Task objective: Reproduce every line of the listing as written, apart from the pictures.

Data below:
--- --- ---

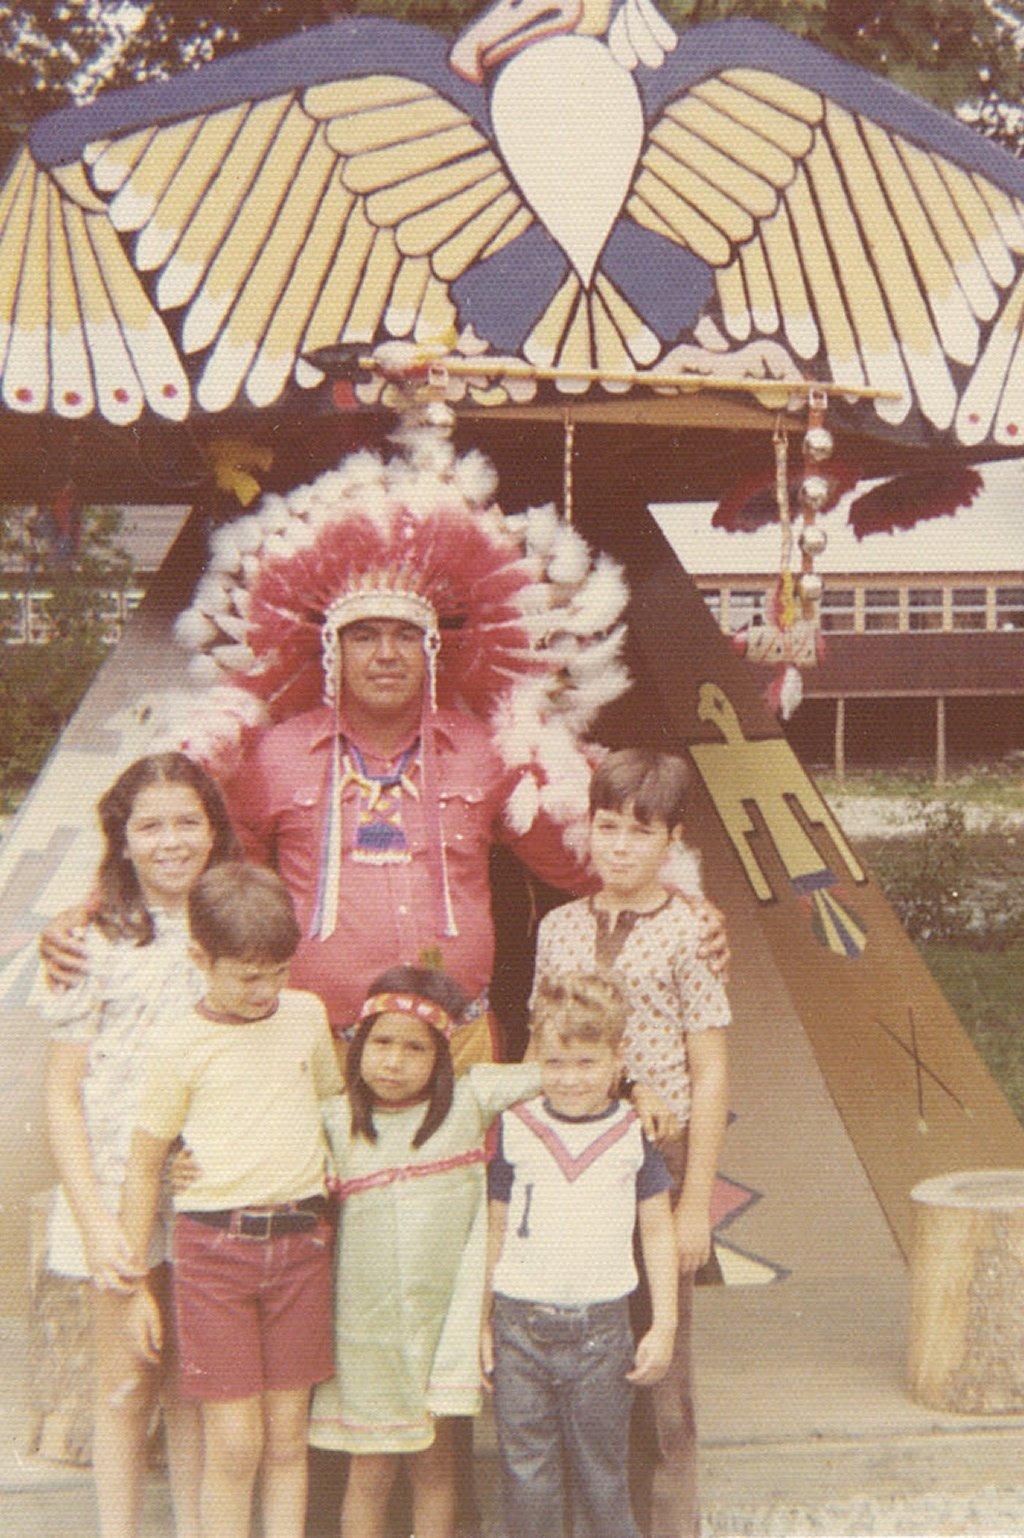 Smoky Mountains Family Vacation, 1975
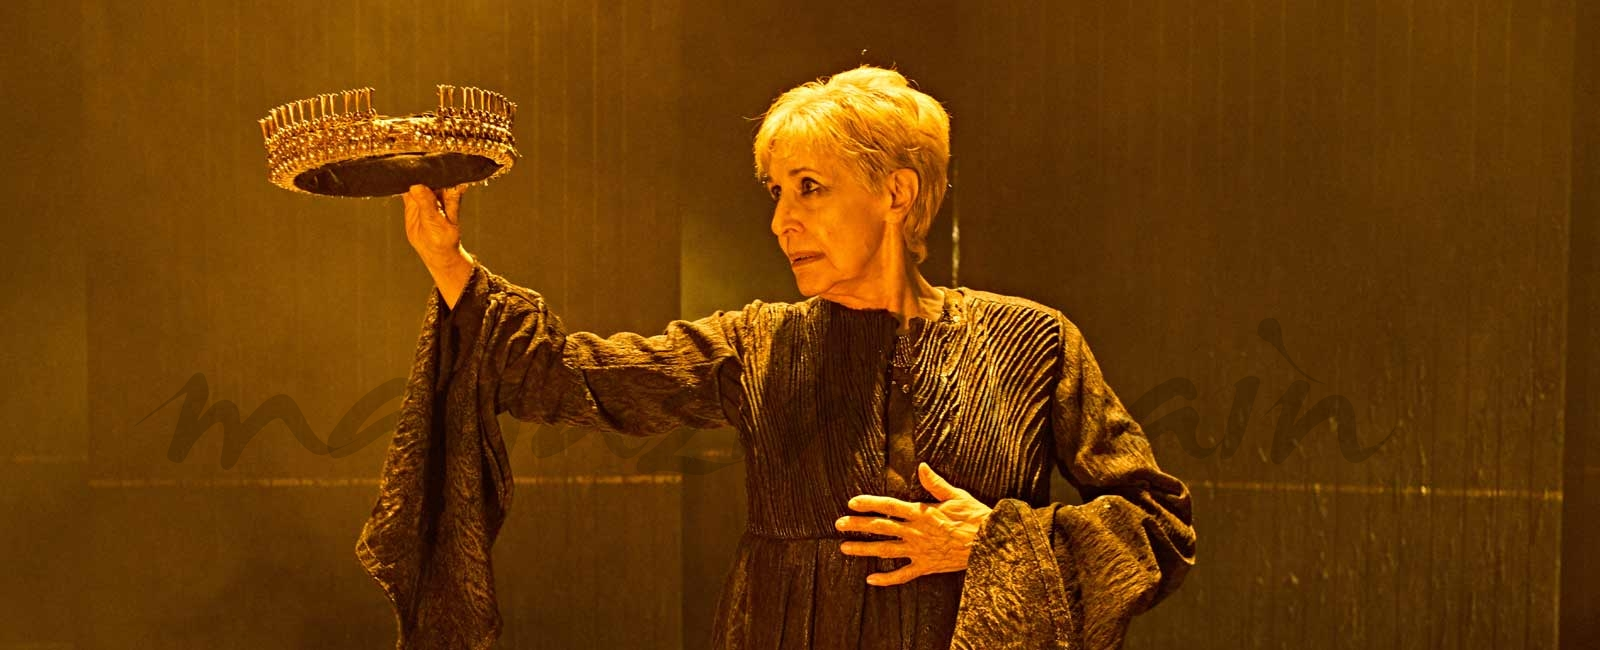 «Reina Juana», con Concha Velasco, llega al Teatro La Abadía
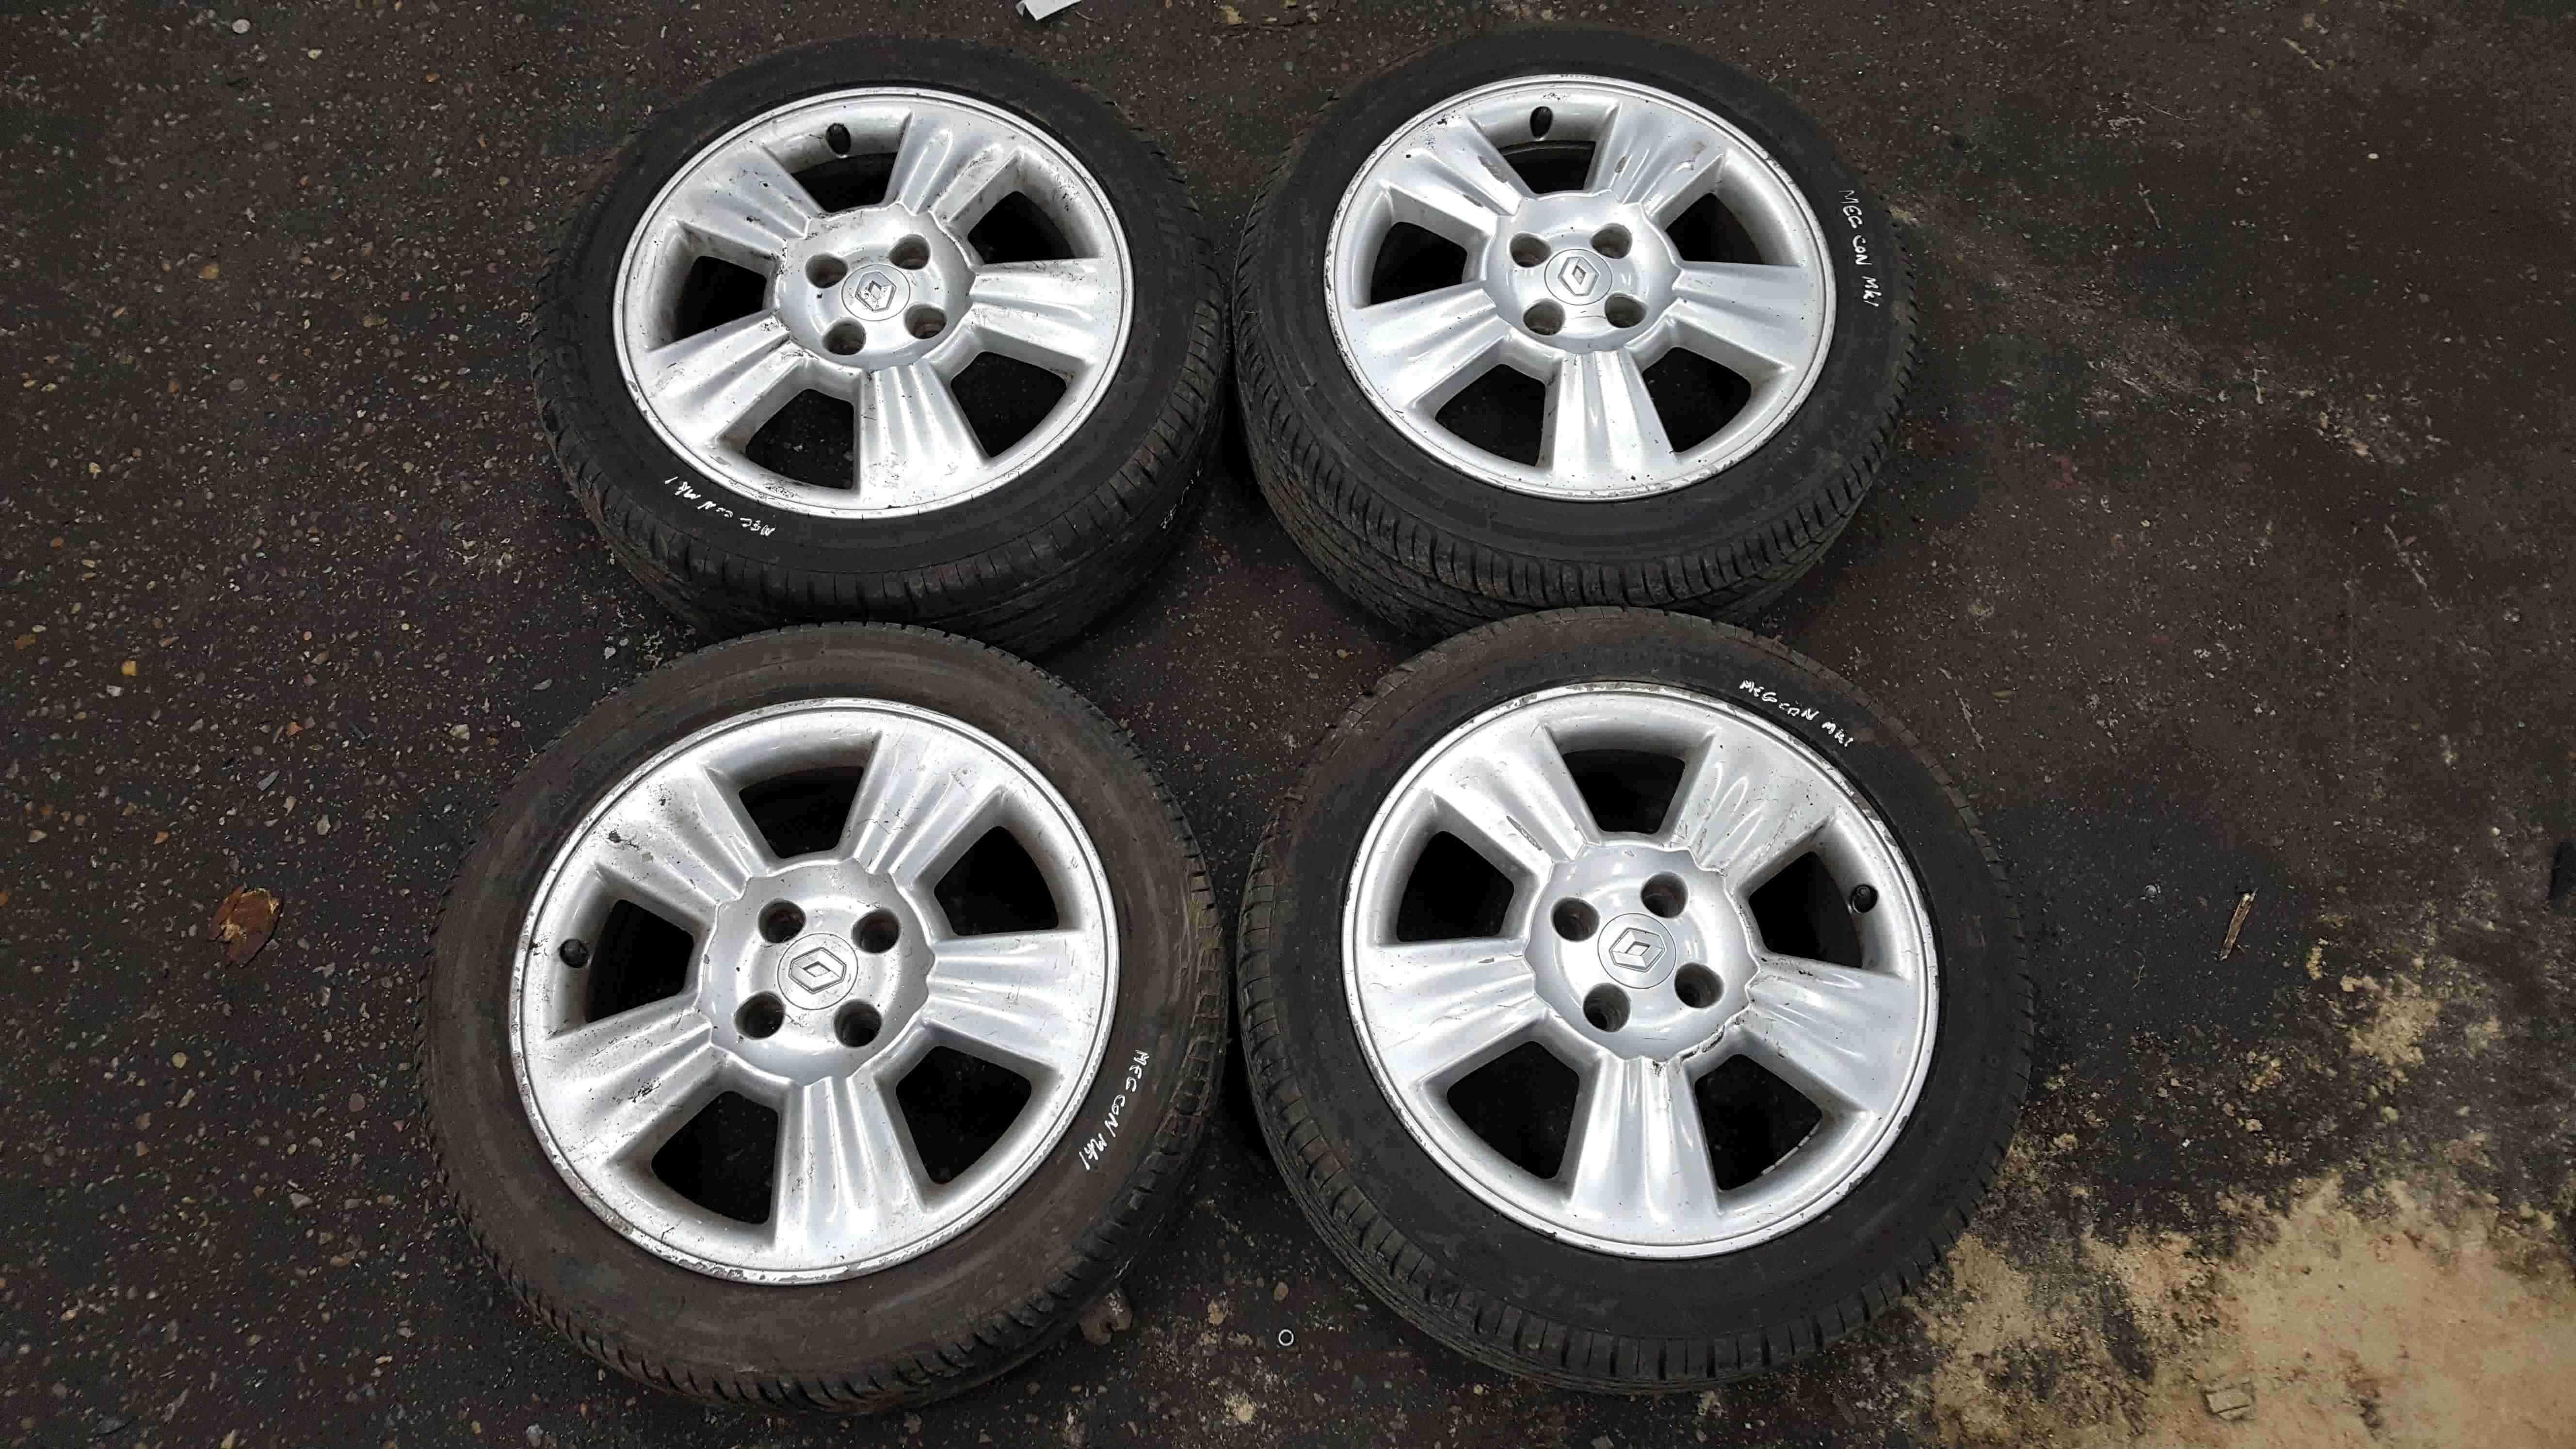 Renault Megane Con MK1 1999-2002 Lyra Alloy Wheels Set X4 15inch + Good Tyres

--- --- ---

Answer area:
 Smoky Mountains Family Vacation, 1975
 «Reina Juana», con Concha Velasco, llega al Teatro La Abadía
 Renault Megane Con MK1 1999-2002 Lyra Alloy Wheels Set X4 15inch + Good Tyres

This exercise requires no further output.